“When I was a kid I wanted to cut hair,” Michael Rapattoni says. “I grew up in a really tough neighborhood in South Philadelphia. I didn’t want to go to beauty school.”
The 55-year-old Philadelphia transplant owns Rapattoni’s Barbershop in the heart of Downtown Plano. He enrolled in beauty school at 40, chasing a childhood dream after a career in sales.
“At 40, I didn’t care,” he says. “I wasn’t that guy anymore.”
He got his first job as a barber in Philadelphia, before moving to Los Angeles and then settling in Plano with a job at Finley’s Barbershop.
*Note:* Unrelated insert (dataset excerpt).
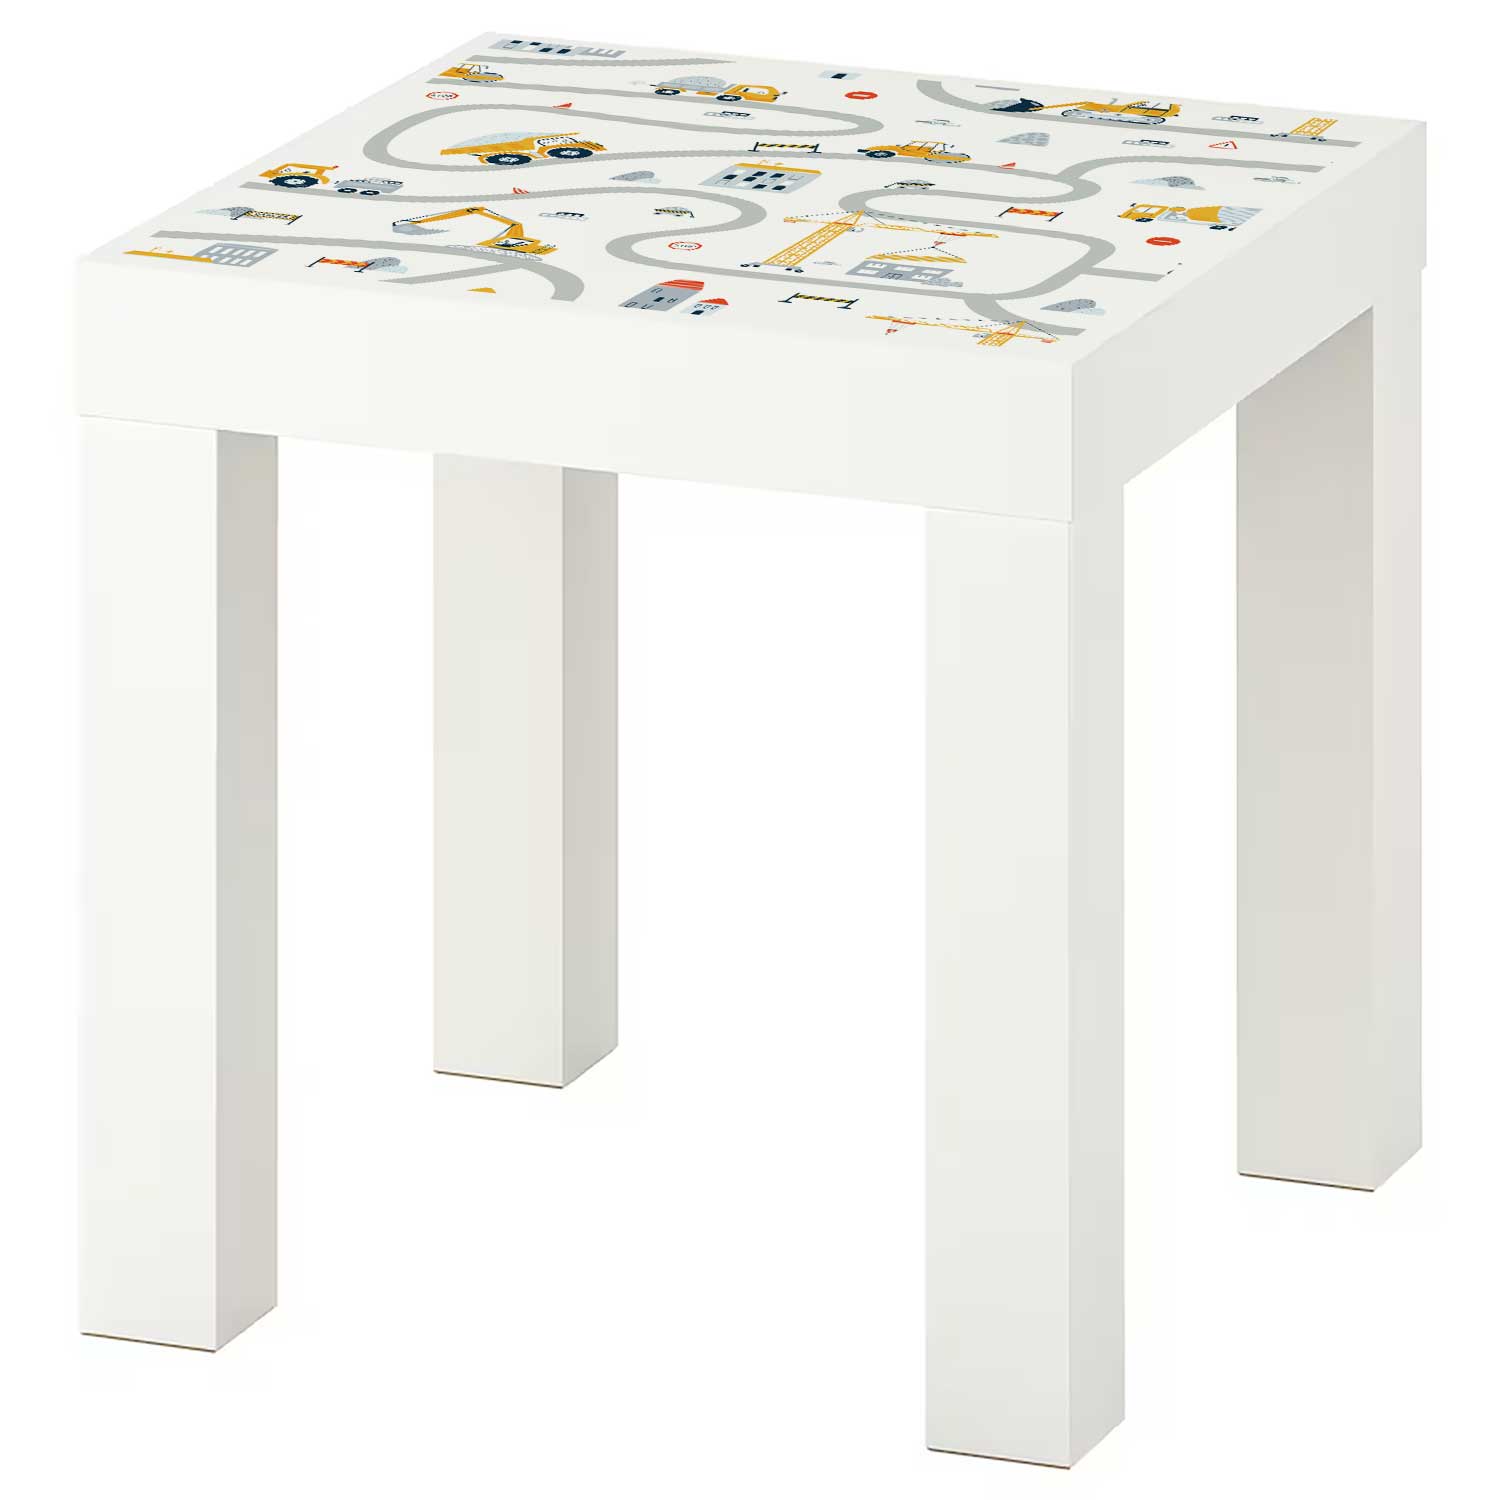 Möbelfolie Kinder für IKEA Lack Tisch 35x35 cm 'Baustelle'
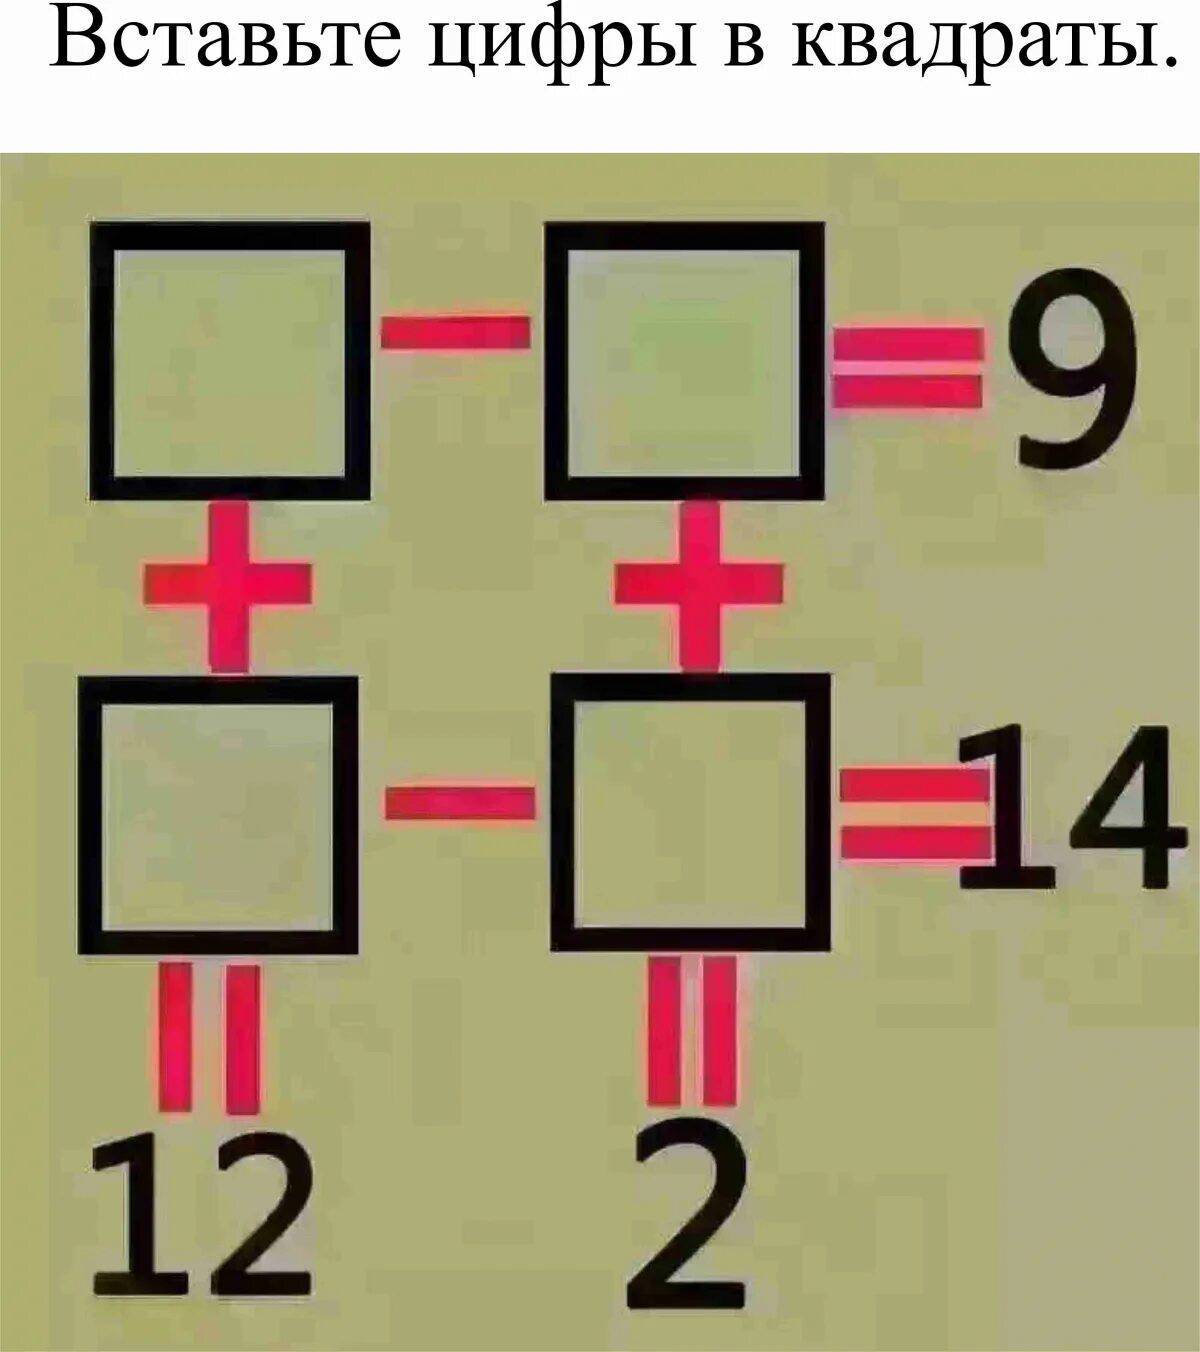 решение математических задач по фото

“We had the same clientele on Thursday nights for some reason,” Rapattoni recalls. “It was like the bald fades, they would come in once a week. The manager was gone, we’d say whatever we wanted.”
Through those Thursday nights, Rapattoni noticed the power of community that could be made in an environment like a barbershop.
“We even branded it as ‘Finley’s After Dark,’” he jokes. “It was the same people coming in with the same jokes, they’re leaving with these big smiles. Why wouldn’t this just be a thing?”
With Rapattoni’s Barbershop, he tried to do just that. He opened the spot in August 2020 with his exact vision in mind: create a barbershop that feels like a hangout.
“I knew I understood the business because I was a business consultant,” Rapattoni says. “The relationship part of it, I might have actually been intimidated by that.”
Rapattoni brought over some of the clients he cut for at Finley’s, but the prospect of building up a whole new customer base was daunting. He wanted to make sure his vision stayed exact.
After 15 years in the hair-cutting business, he’s beginning to see the fruits of his labor.
“You start cutting a 22-year-old’s hair,” Rapattoni says. “Then you’re at his wedding at 30 making sure his hair is right to walk down the aisle.”
Going on the fourth year of his own shop, Rapattoni says he’d love to see the shop expand to more locations, so long as the soul remains the same.
“It’s a bunch of dudes hanging on a street corner,” he says. “We just so happen to be cutting hair.”